Would welcome any thoughts. I will work in Jebel Ali, wife is a stay at home mum for our 2 kids (2 and 9 months).


----------



## Maestroeg (Nov 2, 2010)

I work in real estate and from my experience I can tell you that AR is much better than Springs, the quality of villas are so much better, the community is even better (mostly Brits), No public buses stops inside, easy access and it has 3 exits so its not jammed in the morning like the Springs, closer to other parts of Dubai like Dubai mall and down town.
Good luck.

Ashraf


----------



## justforus (Jul 28, 2008)

Maestroeg said:


> I work in real estate and from my experience I can tell you that AR is much better than Springs, the quality of villas are so much better, the community is even better (mostly Brits), No public buses stops inside, easy access and it has 3 exits so its not jammed in the morning like the Springs, closer to other parts of Dubai like Dubai mall and down town.
> Good luck.
> 
> Ashraf


Thats a bit confusing. Public buses do come into the ranches and go to mall of emirates for 4.10 AED from the community centre. Take 50 minutes now though as the route has encorporated studio city.


----------



## Anwaruddin (Oct 15, 2010)

It sure would have saved my clicking mouse and my kbps usage if you have placed a simple yet comprehensive POST TITLE straight to the point. You just got it straight. Unfortunately, not to the point.

:focus:


----------



## MONAE (Jul 9, 2010)

ozpom said:


> living in Arabian Ranches Vs living in The Springs.
> 
> Would welcome any thoughts. I will work in Jebel Ali, wife is a stay at home mum for our 2 kids (2 and 9 months).

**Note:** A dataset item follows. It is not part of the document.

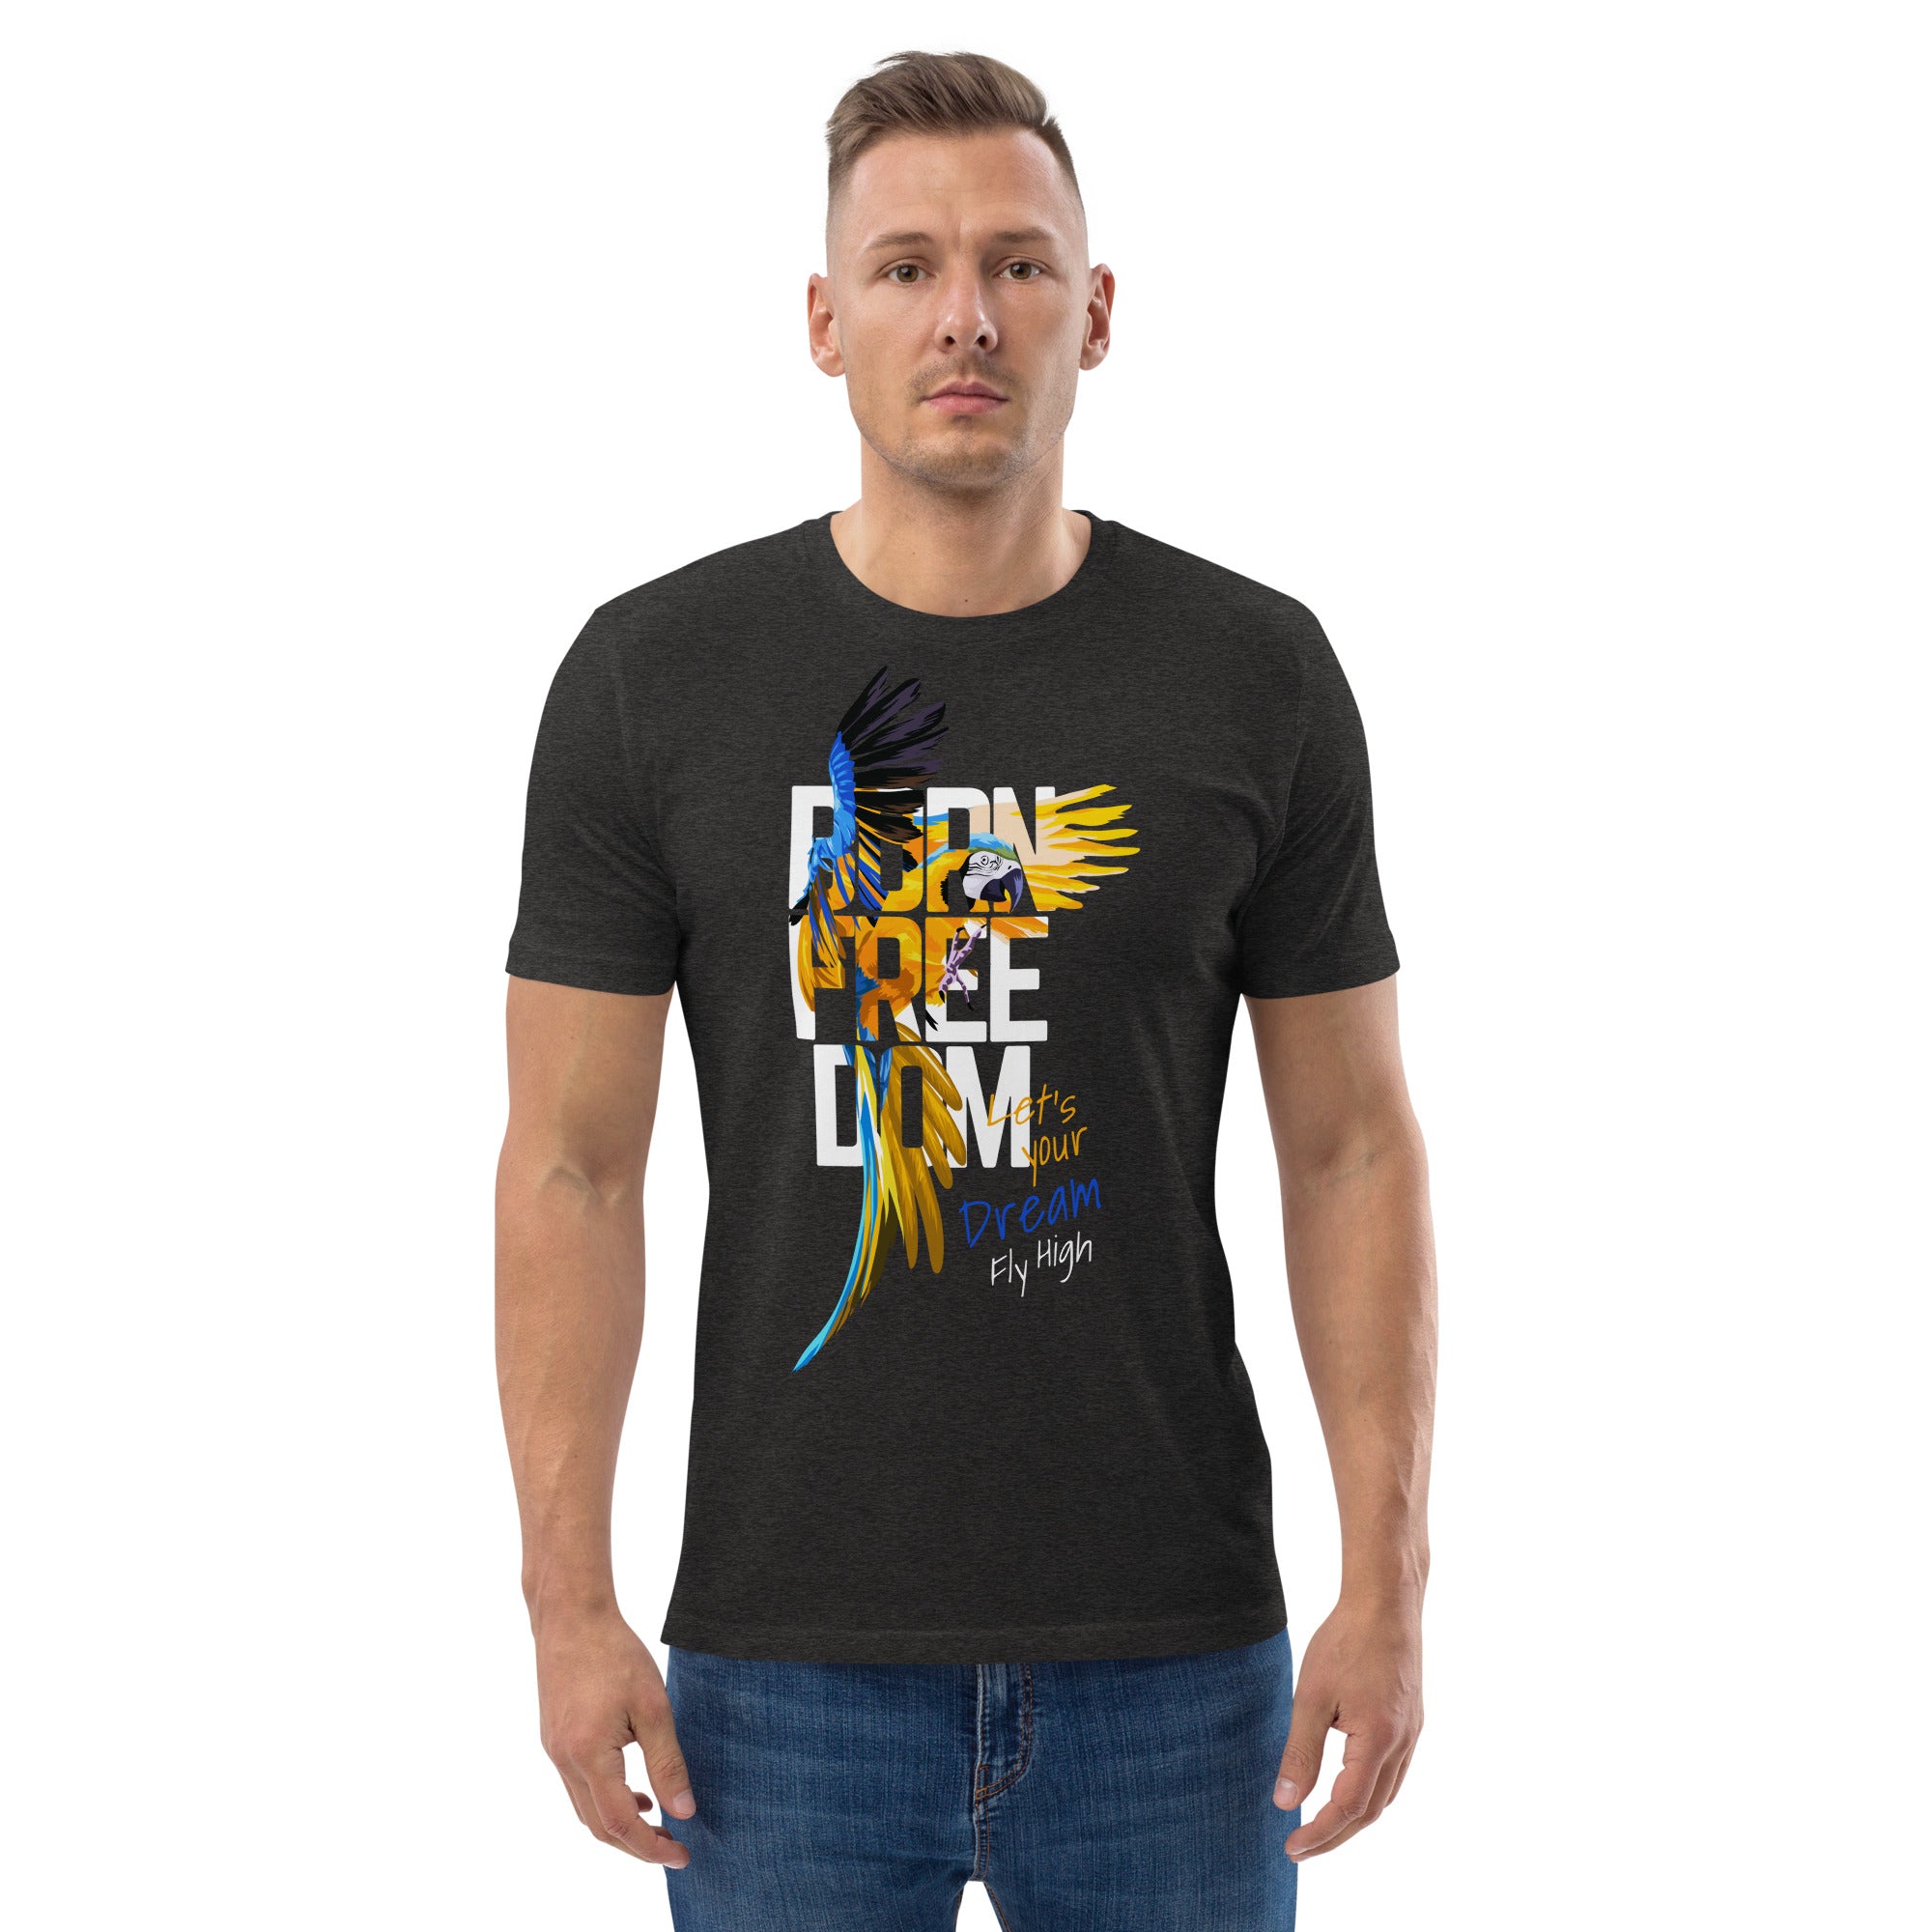 Born Freedom Unisex cotton t-shirt
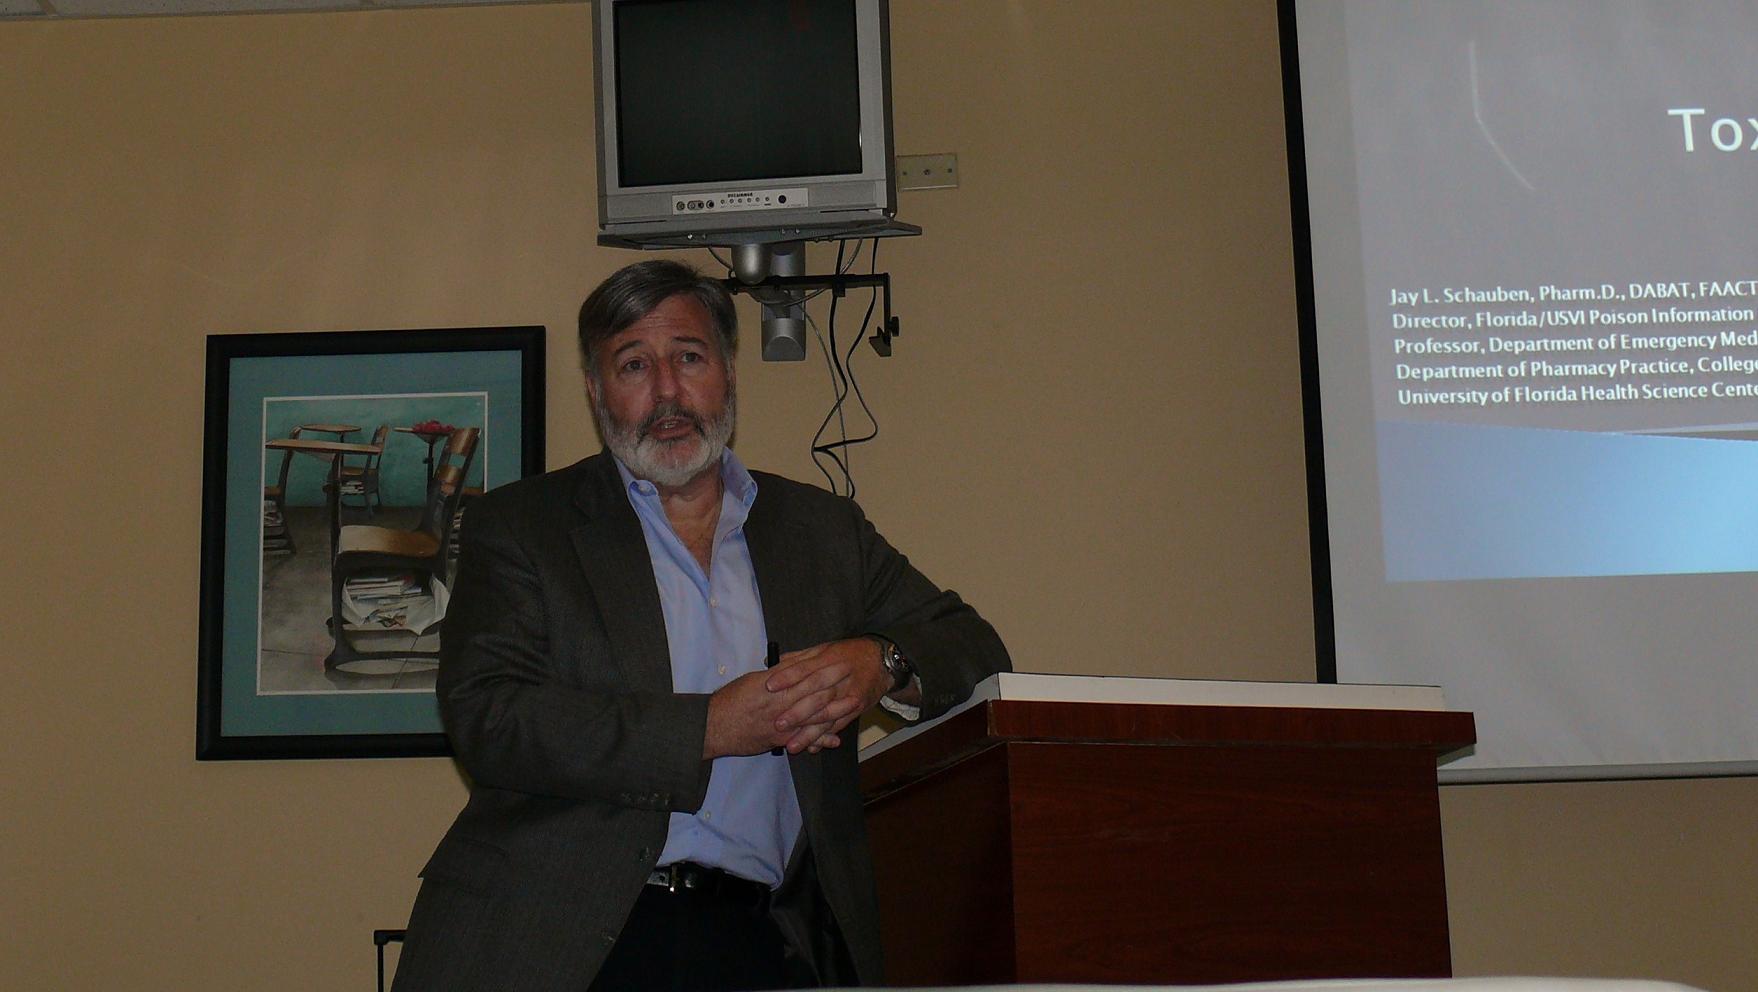 Dr. Jay Schauben, director of the Florida/USVI Poison Information Center in Jacksonville, talks about inhaled poisons.

Depends ...Arabian ranches is far from the SZ road and the beach ,Springs is better located in my opinion with more options in terms of supermarkets and schools.Expats live all over Dubai 70% population is expat.Decide based on commute etc.


----------



## Elphaba (Jan 24, 2008)

AR beats The Sprinsg hands down. Better finish for villas, doesn't look as boring. With the new roads AR really isn't far from anywhere these days.
-


----------



## MONAE (Jul 9, 2010)

Elphaba said:


> AR beats The Sprinsg hands down. Better finish for villas, doesn't look as boring. With the new roads AR really isn't far from anywhere these days.
> -


Agree about better finish etc but disagree about location


----------